#78 – Dick Bernard: Back to school with the President

Under ordinary circumstances I may not have heard that President Obama was going to give a televised talk to America’s school children at 11 a.m. today.  I’m long retired with no direct ties to public schools.
But these are no ordinary circumstances.  Last Friday morning, I got an e-mail, later withdrawn, in which the sender wanted to alert one of my mailing lists about her complaint about the President of the United States wanting to communicate with children, including her own, about their upcoming school year.  The speech was scheduled for today, September 8.  At the time of the e-mail, I had no context whatsoever.  
(The entire speech will likely be archived at the White House website  www.whitehouse.gov for anyone who is interested.)
The subsequent days were inundated with rhetoric.  For most school districts in my state, today is the first day of the school year.  It is an open guess as to what percent of the nation’s tens of millions of students will be allowed to see the talk live today, if at all.  When it comes to freedom of speech, apparently the President of the United States is, for some, off-limits, at least according to some who wish to shield their children from his thoughts (and in the process deprive the vast majority of the opportunity to hear what he has to say.)  
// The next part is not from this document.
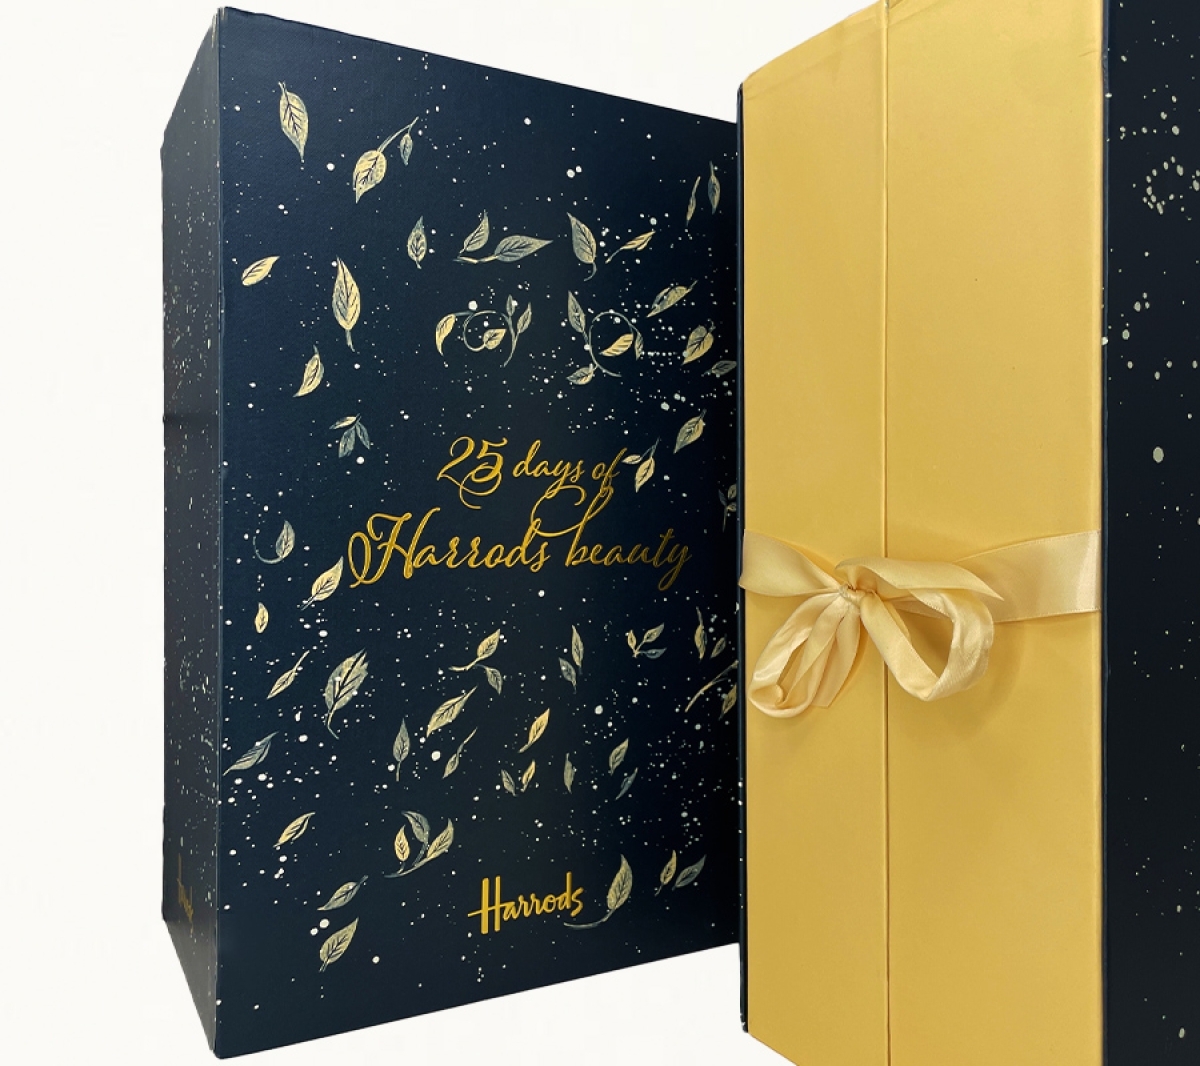 Harrods-luxury-advent-calendar-case-study-branded-outer-cover-case
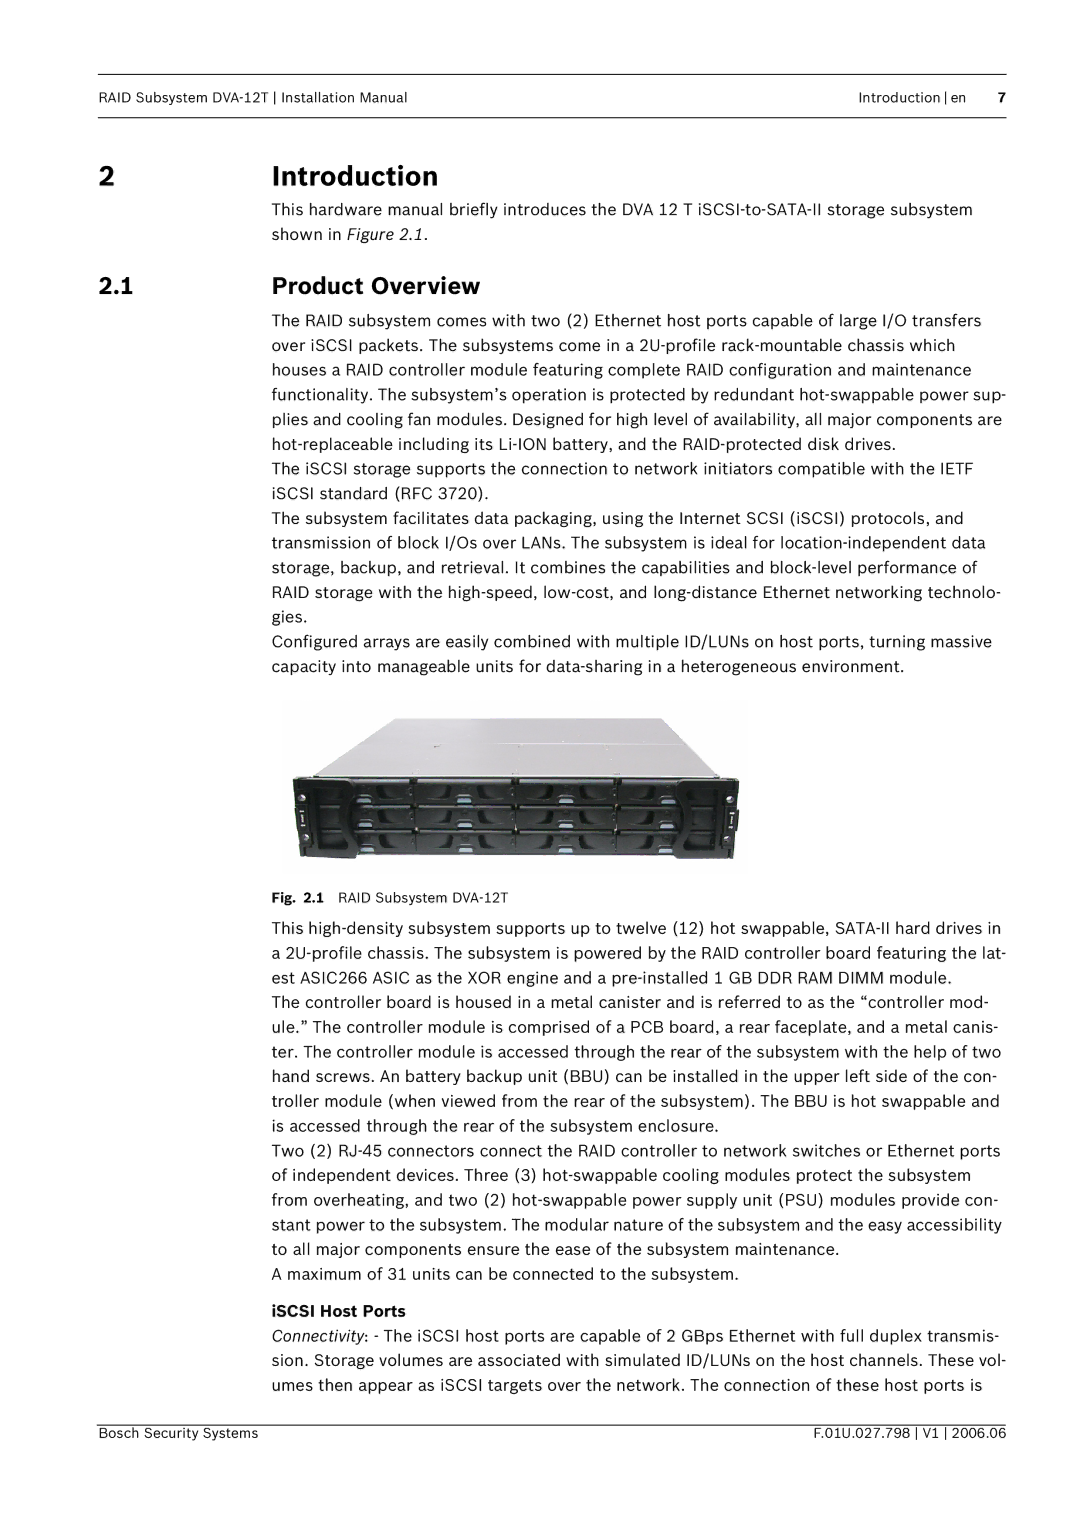 Bosch Appliances DVA-12T installation manual Introduction, Product Overview, ISCSI Host Ports

I spent an entire career in public education, so I know a bit about the reality of the public schools. 
A career public elementary school teacher, now retired several years, commented on the general situation on Saturday: “When I was teaching I would have been so happy to have the President reinforce my job by speaking to students.”  As to disrupting regular events on the first day of school, she said “The first day of school was always full of twists and turns.  Some kids haven’t slept all night because they are scared, some wish they were back home, some are worrying about their bus number, some wish they had a different teacher, some little ones are crying, some are hot (no air conditioning) some are very excited for a new year, etc.  I think it would be reassuring to have the President speak to them.” 
Of course, none of this matters to those who wish to shut down the opportunity for the President to communicate a positive lesson.  
Last Friday, after the e-mail brought the matter to my attention, I wrote to the heads of all of the major public education organizations in Minnesota, saying this:  What I see is a flagrant adult example of bullying behavior, and you can rest assured that if the organizers of this nationwide protest feel they were successful in this campaign, you can anticipate much more aggressive moves on other fronts as time goes on.  This is not a constituency that will be satisfied with half-a-loaf.  Any sign of weakness you and your members show will be exploited and the problem will get much worse.
It is very ironic to me that this same President Obama, who some people apparently fear will influence their kids, is the same President who not-so-liberal Bill O’Reilly of Fox News wrote about in a cover story in the August 9, 2009, Parade Magazine, included in the St. Paul Pioneer press.  The article, very positive, is entitled “What Children can learn from President Obama”.  Read it.  It’s all very positive…about President Obama.  But now some folks don’t want their children to hear [that same President] speak, and are willing to sabotage the opportunities of other children to hear this message.”
What we are seeing goes far beyond mere hypocrisy.  
This story won’t end with today.
Now to watch the President’s talk to America’s students….
UPDATE: 11:23 A.M.
The ones who needed to watch this speech – the ones who campaigned against its being shown – probably will refuse to tune it in.  I hope they change their mind.